Here is the kernel function :
__kernel void function_x_y_(__global myclass_* input,long n)
{
int gid = get_global_id(0);
if(gid<n)
input[gid].valuez = input[gid].valuey * input[gid].valuex * 8736;
}
Here is the for loop :
for(int i=0;i<100;i++){
thisclass[i].function_x_y();
}
and the class function :
void function_x_y(){
valuez = valuex * valuey;
}
I ran a clock on both process :
cout<<"Run function in serial\n";
startTime = clock();
for(int i=0;i<100;i++){
thisclass[i].function_x_y();
}
endTime = clock();
cout << "It took (serial) " << (endTime -startTime) / (CLOCKS_PER_SEC / 1000000) << " ms. " << endl;
cout<<"Run function in parallel using struct to write to object\n";
init_ocl();
startTime = clock();
load_kernel_from_struct("function_x_y_",p_struct,100); //Loads function and variables into opencl
endTime = clock();
cout << "It took (parallel) " << (endTime -startTime) / (CLOCKS_PER_SEC / 1000000 ) << " ms. " << endl;
With the output:
Run function in serial
It took (serial) 5 ms.
Run function in parallel using struct to write to object
It took (parallel) 159010 ms.
I am using the cl-helper.c by Andreas Kloecker
I dont understand this it should be faster.
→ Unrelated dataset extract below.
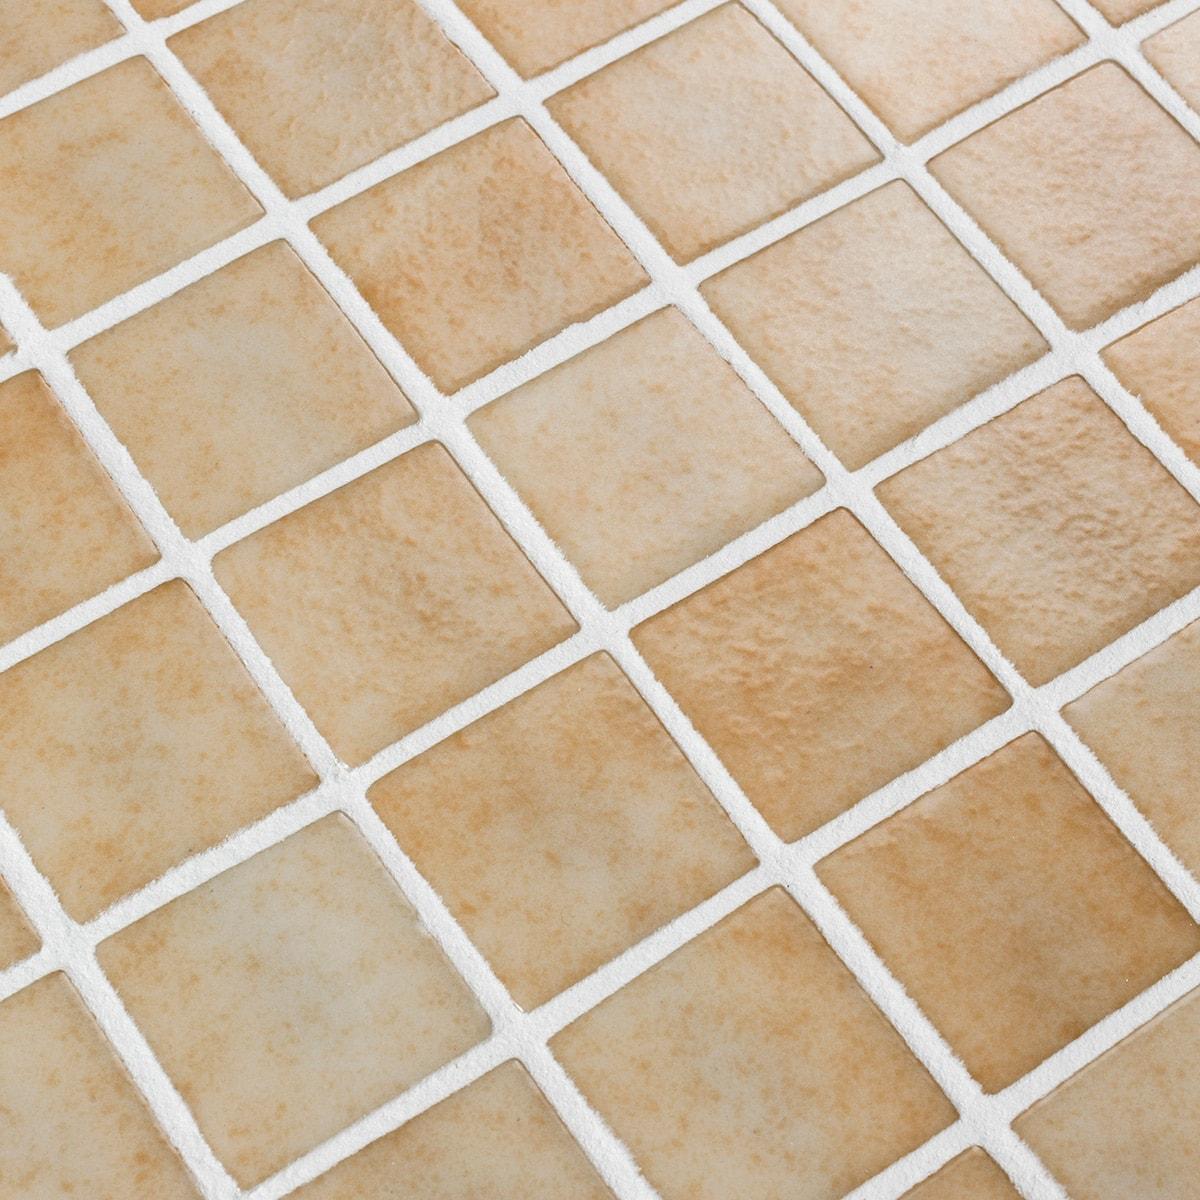 5096-B-Safe-Safe-steps-Mosaic-Ezarri.jpg

Any help or advice is welcome.
Is there a more accurate speed test? Could this be due to the fact that it takes time to initialise assign memory and transfer the data to the kernel?
There must be a way to ensure that this works faster could it be that I must transfer and initialise everything before running the function?
Thanks, Hbyte.